How to choose a property crowdfunding platform to invest with

Updated: Feb 25

We are active investors on property crowdfunding platforms. Here are a few reasons why we like using crowdfunding platforms:

  • We can spread our risk over several investments/developers/crowdfunding platforms

  • We can invest with developers, and in opportunities, that we might otherwise never come across

  • The developers are publicly accountable

  • All investors invest on the same terms; no dodgy side deals being done

  • We sleep better at night knowing that we have invested in a legally compliant structure

Here are 6 things that we look at when assessing a property crowdfunding platform.


1. Type of projects on offer. What sort of projects are on offer? Do they meet your criteria - location, return, property type etc? Are they the kind of projects you want to invest in?


2. Minimum amount required. One of the benefits of crowdfunding is that you can invest in property with far less money than you need to buy one on your own. It depends on the platform, but sometimes the minimum can be as little as £100, or perhaps £1,000. Check to see that it meets your budget.

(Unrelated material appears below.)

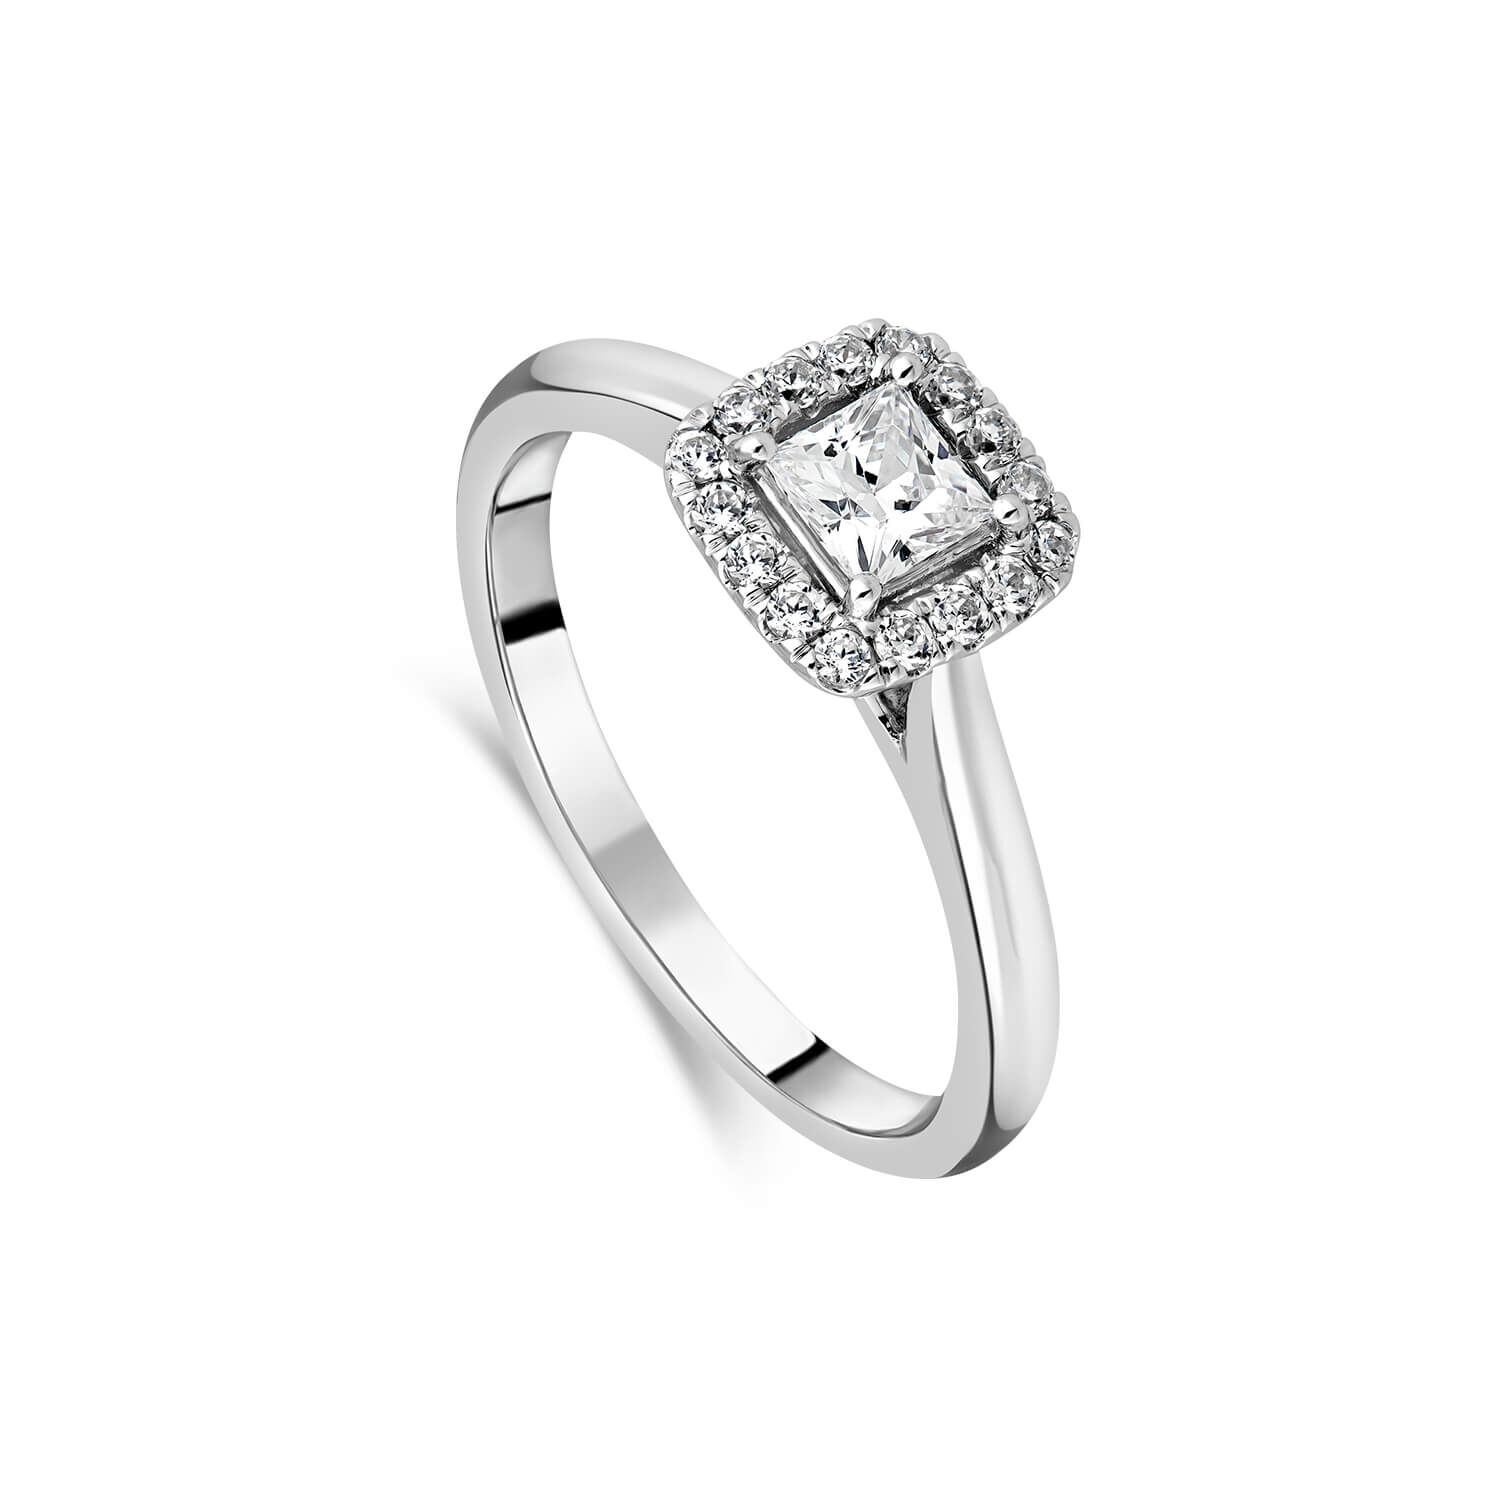 Northern Star 0.37ct Diamond 18ct White Gold Sides Ring at Fraser Hart

3. The information provided. What information do they provide with each project? Is there enough information provided for you to do your due diligence? If you have to request further information, how long does it take to get them?


4. What fees they take. What fees do they charge, if any? At what point of the process do they charge said fee? There might be an initial fee, an administration fee, an annual management fee, a share of your returns, or a combination of the above.


5. Customer service. Look closely at the standard of interactions you have with members of their team when making initial inquiries or request for further information. Do they respond in a timely manner? Are they friendly and approachable?


6. Platform details. Who runs the platform? What experience does the team have? How long has the platform been operating? Is the platform regulated by the financial conduct authority?


What do you look at when assessing a property crowdfunding platform?